WHAT YOU ARE ASKED TO DO:
Among the records that follow, set down only the lines from the one containing "961 264.1.64 198.826." to the one containing "Milos scenery in", both included, exactly.

DATA FOR PROCESSING:
────

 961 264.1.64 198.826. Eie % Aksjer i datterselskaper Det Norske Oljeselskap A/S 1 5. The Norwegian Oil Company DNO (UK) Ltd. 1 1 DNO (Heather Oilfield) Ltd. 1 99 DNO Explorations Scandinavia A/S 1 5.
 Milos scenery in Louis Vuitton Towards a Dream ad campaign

────

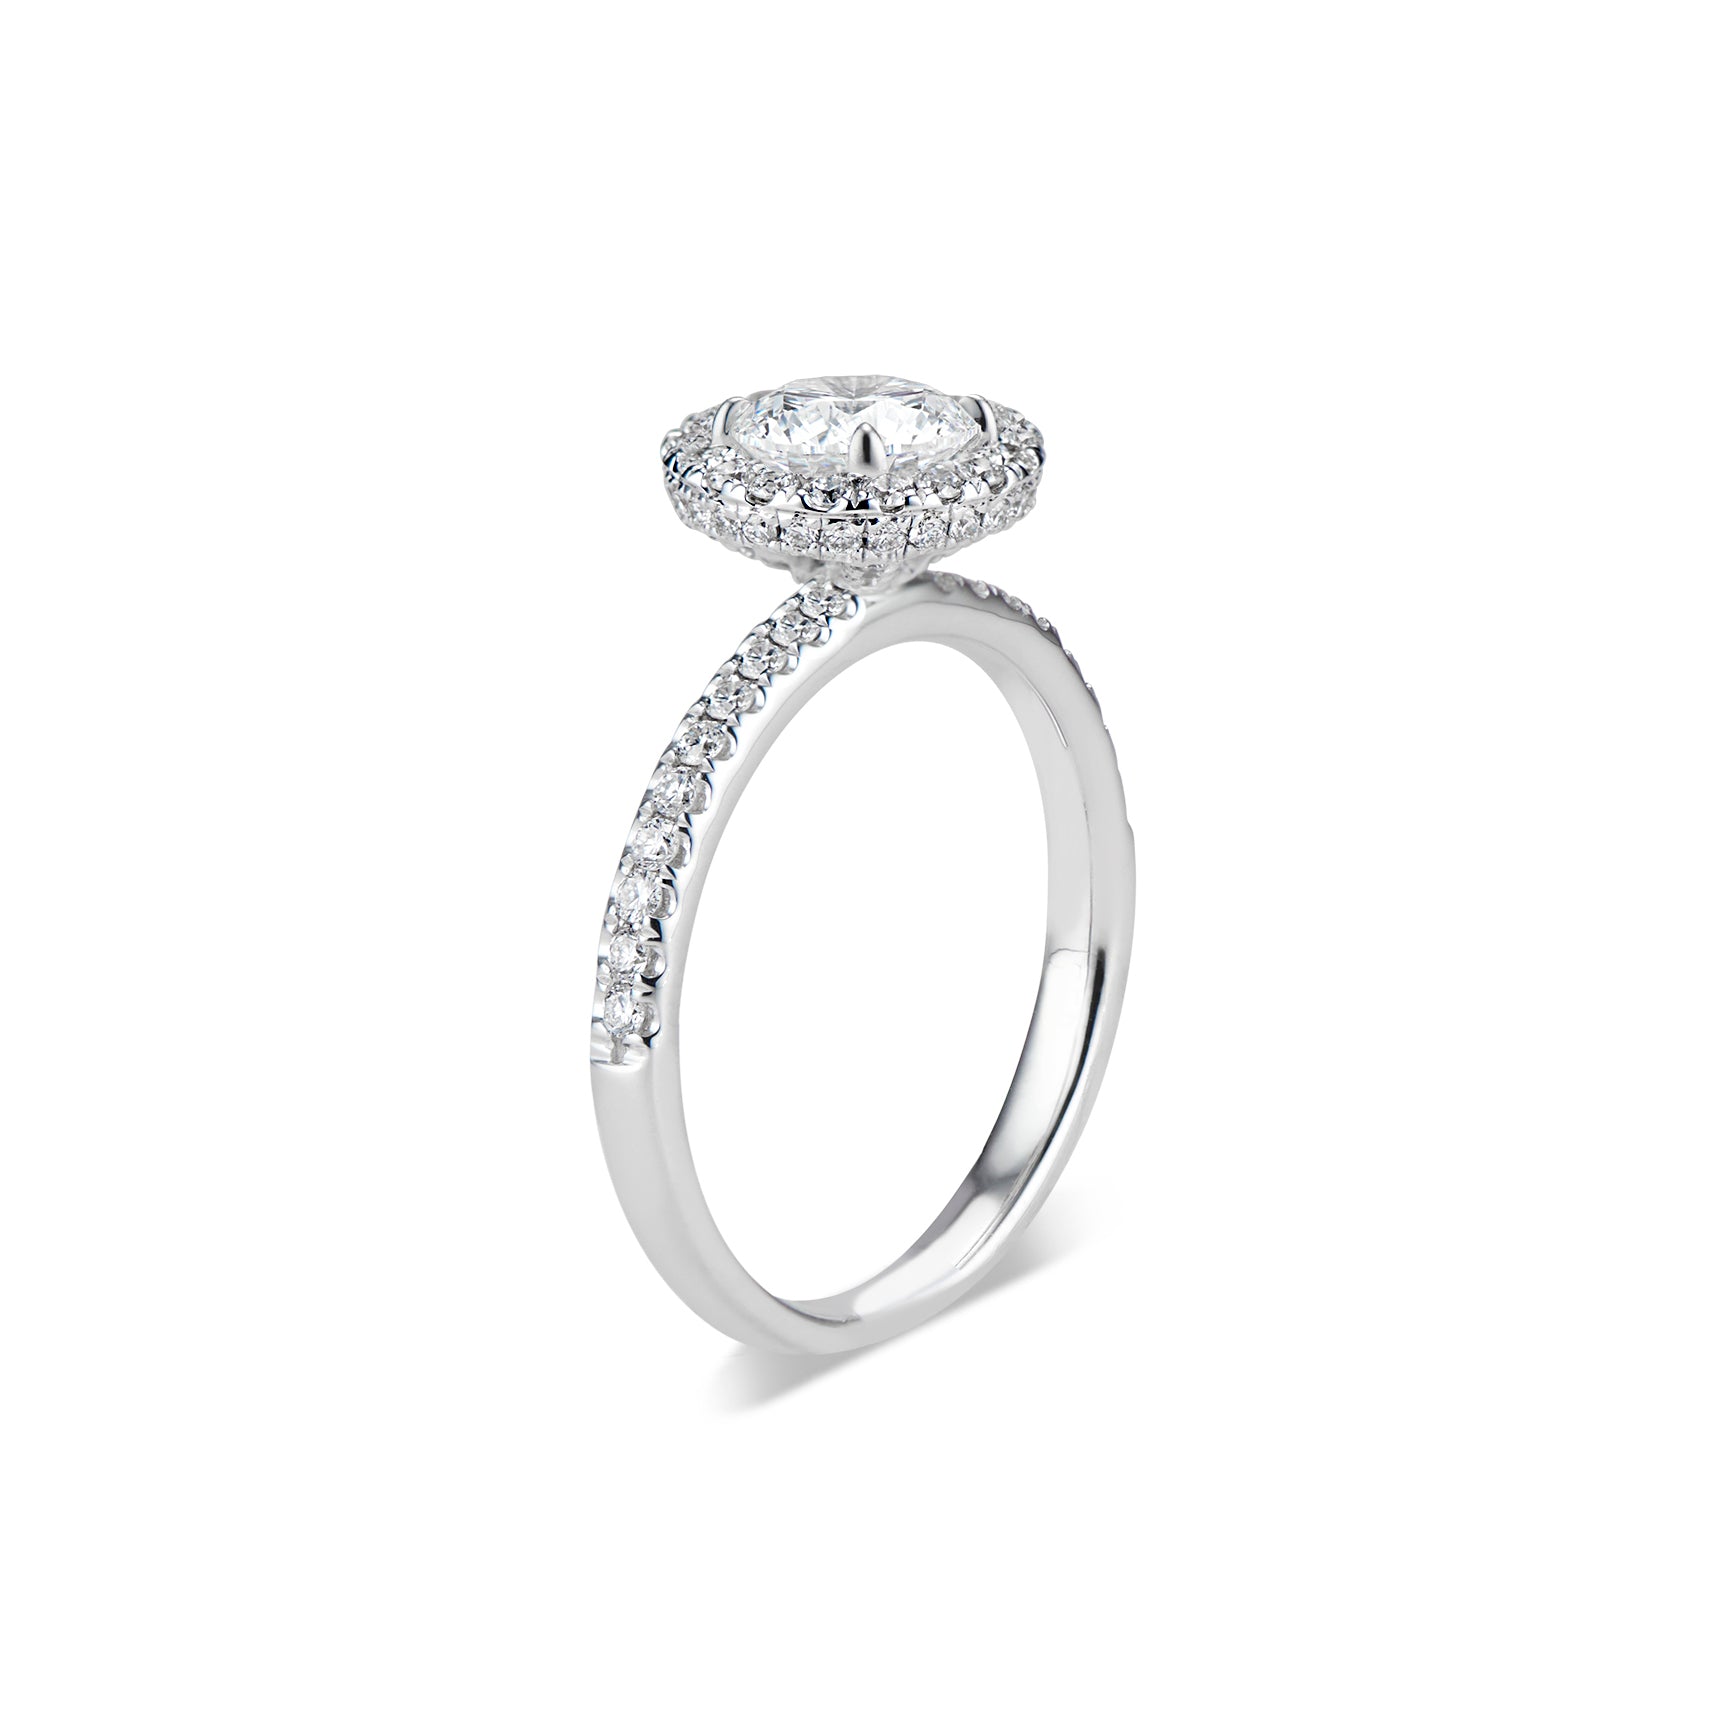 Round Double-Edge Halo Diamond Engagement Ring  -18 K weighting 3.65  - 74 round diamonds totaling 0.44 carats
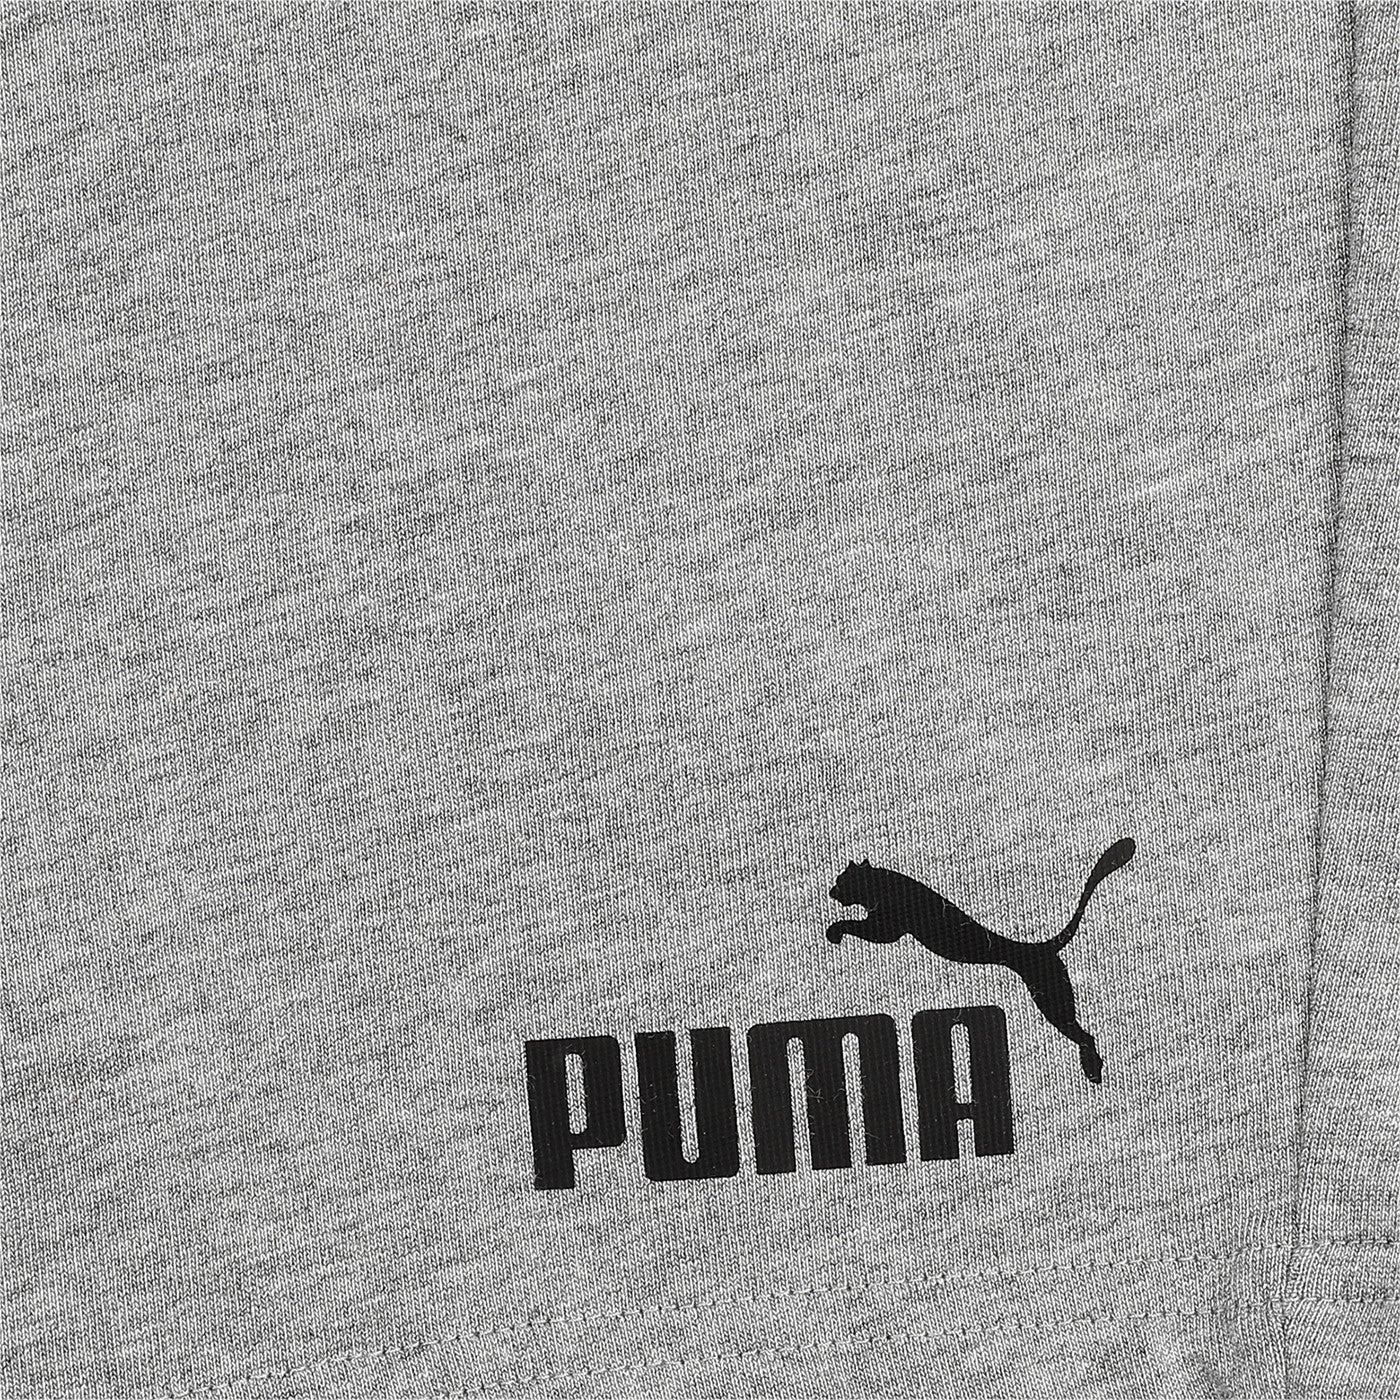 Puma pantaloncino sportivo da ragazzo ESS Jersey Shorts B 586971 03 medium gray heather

────

SOLUTION FOR THIS PROBLEM:
 961 264.1.64 198.826. Eie % Aksjer i datterselskaper Det Norske Oljeselskap A/S 1 5. The Norwegian Oil Company DNO (UK) Ltd. 1 1 DNO (Heather Oilfield) Ltd. 1 99 DNO Explorations Scandinavia A/S 1 5.
 Milos scenery in Louis Vuitton Towards a Dream ad campaign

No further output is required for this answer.